En aquel tiempo apareció el inglés

En aquel tiempo apareció el inglés. Era un hombre alto, orgulloso y duro. Tenía cuarenta años o quizá cincuenta, la mirada casi blanca y un cuerpo de soldado.
Se dijo que el inglés estaba en tratos para comprar la casa grande, pero al final no hubo nada. Se dijo también que pensaba construir una gran casa en la era de Don David; que venía a montar una fábrica de envasados; que había huido de su país, que traía muchísimo dinero, que con sus ojos pálidos veía de noche como los gatos; que había presenciado un horrible crimen y por eso el pelo se le había quedado blanco; que en su tierra nunca salía el sol. Que no era católico.
El inglés le compró a los curas el monasterio de la loma roja y contrató a cuatro albañiles para que lo arreglaran. No tenía ni idea de español, pero era seco y autoritario y los hombres se plegaron pronto a sus órdenes. Por la tarde, en el bar de Polo, relataban las maravillas del día: la habitación pequeña de madera que él había traído desmontada, los grandes cuartos de baño, el enorme salón con chimenea, los diminutos dormitorios.
El inglés no cambió demasiadas cosas del viejo monasterio: llenó el claustro de flores, desembozó las fuentes y convirtió en piscina el estanque de las ranas. Llegaron dos camiones con muebles claros y sillones metálicos. En la capilla instaló un piano.
Contaban los albañiles que en la mudanza cayó por las escaleras una caja de metal y de ella escaparon dando tumbos dos cruces y una pistola; las cruces eran como las condecoraciones que se veían en las películas; la pistola, blanca y fría como el inglés: nadie se atrevió a tocarla.
Las obras duraron poco tiempo, mucho menos que las de la casa grande, pero el inglés siempre metía prisa con sus frases cortantes y duras. Los albañiles aprendieron a decir "okey": se lo decían unos a otros chateando en el bar de Polo, con chunga y orgullo; Polo, secando vasos, meneaba la cabeza; Celsa decía que un monasterio no es sitio para vivir.
Una mañana, el inglés cogió su coche y se marchó.

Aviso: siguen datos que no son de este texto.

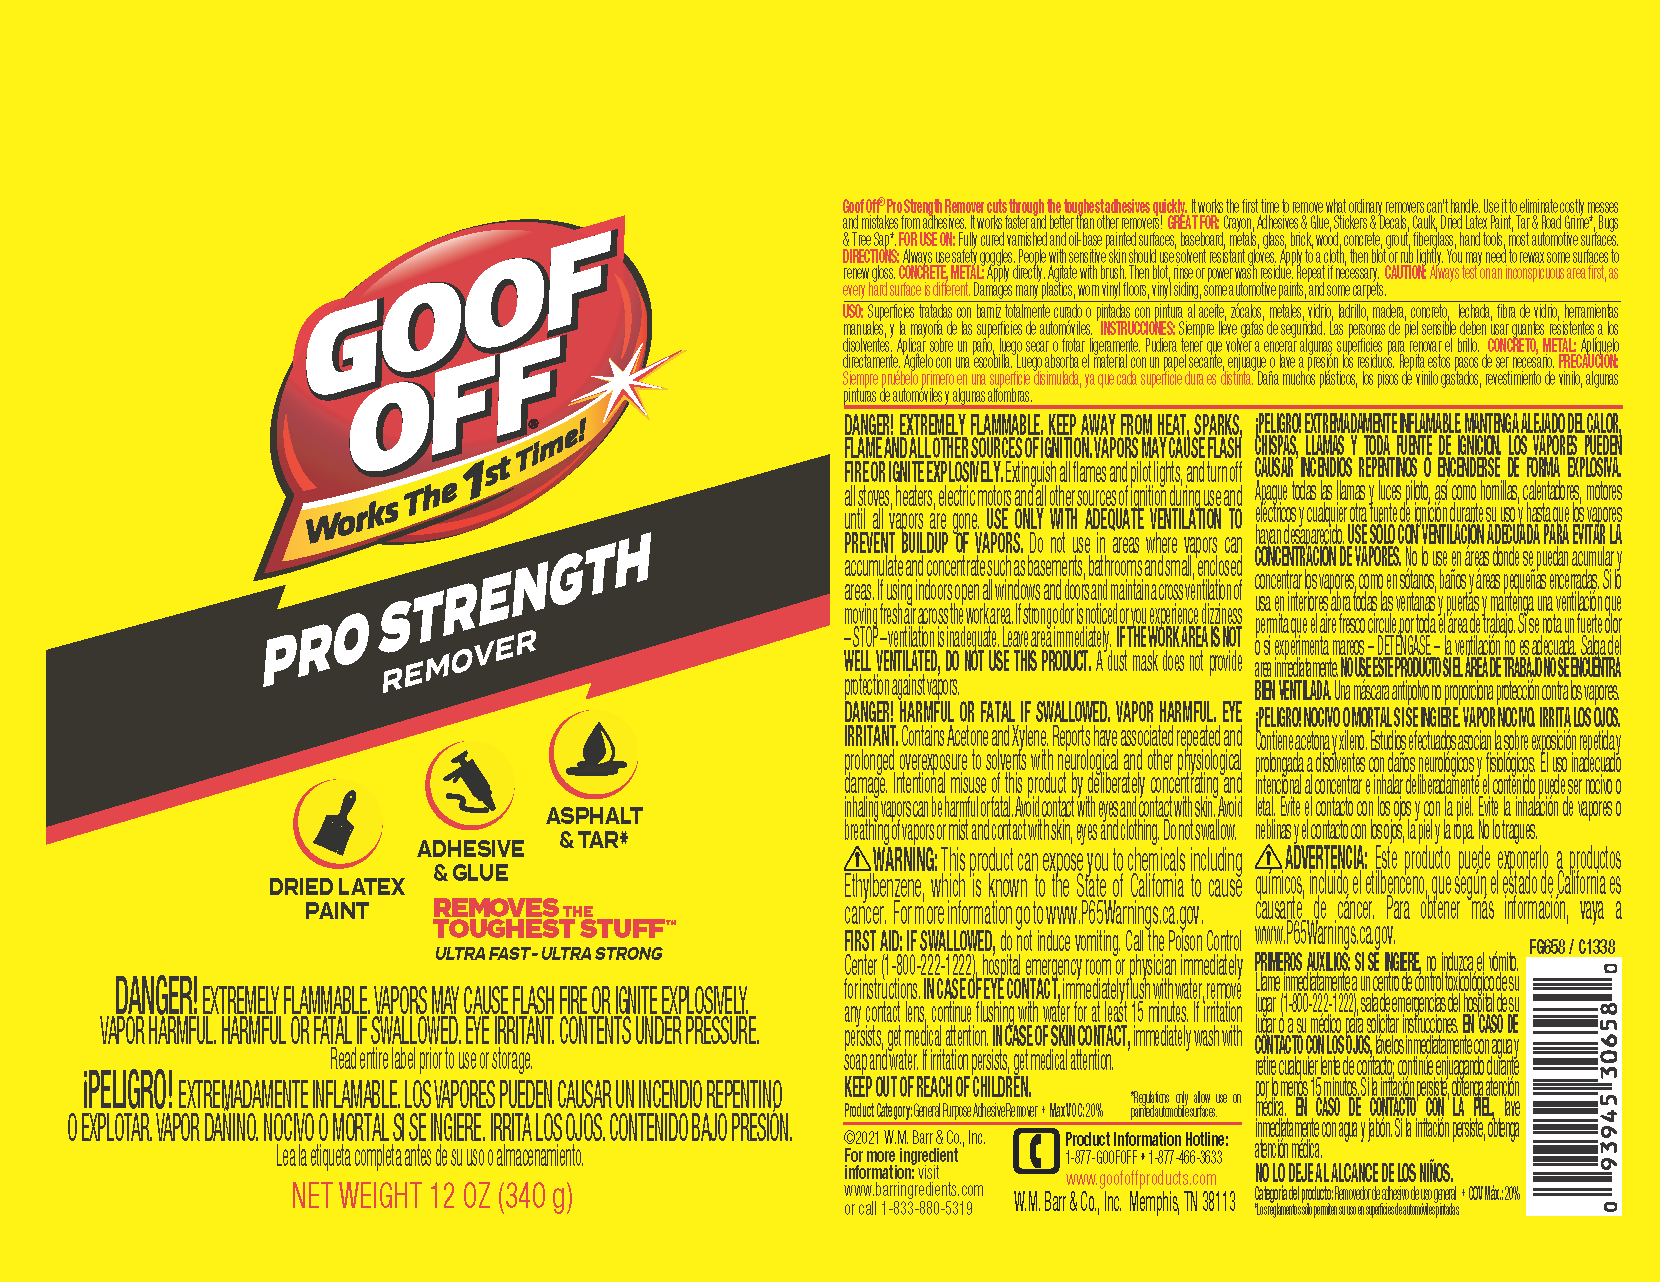 Goof Off Professional Strength Remover

Volvió al día siguiente, a la salida de la misa del domingo. Paró su coche en la plaza, bajó y ayudó a bajar a su mujer. Ella paseó la mirada por la plaza, por la iglesia, por la gente. Sonreía, era muy hermosa y estaba embarazada. Detrás de ella asomó un niño con la piel muy oscura, el pelo rizado y los ojos azules, que se cogió de su mano. Ella, la esposa del inglés, fue la primera mujer negra que se vio en el pueblo.
Todos se la quedaron mirando sin poderlo evitar. El inglés le rodeó los hombros con su brazo y los miró a ellos con su mirada blanca, con su aire de soledad y desafío.
Entonces Don Florián, que había viajado, se acercó a la pareja, besó la mano de la mujer y le dijo:
-Enchanté, madame.
Los demás se sintieron tan orgullosos de él que le aplaudieron.
Hoy, los hijos de los ingleses viven también en el pueblo. Uno tiene un criadero de orquídeas; el otro, un gimnasio. Gracias a ellos todos pudieron enterarse de que sus padres no eran ingleses en realidad. Pero llevaban tantos años llamándoles así, que el nombre de sus países verdaderos cayó pronto en el olvido.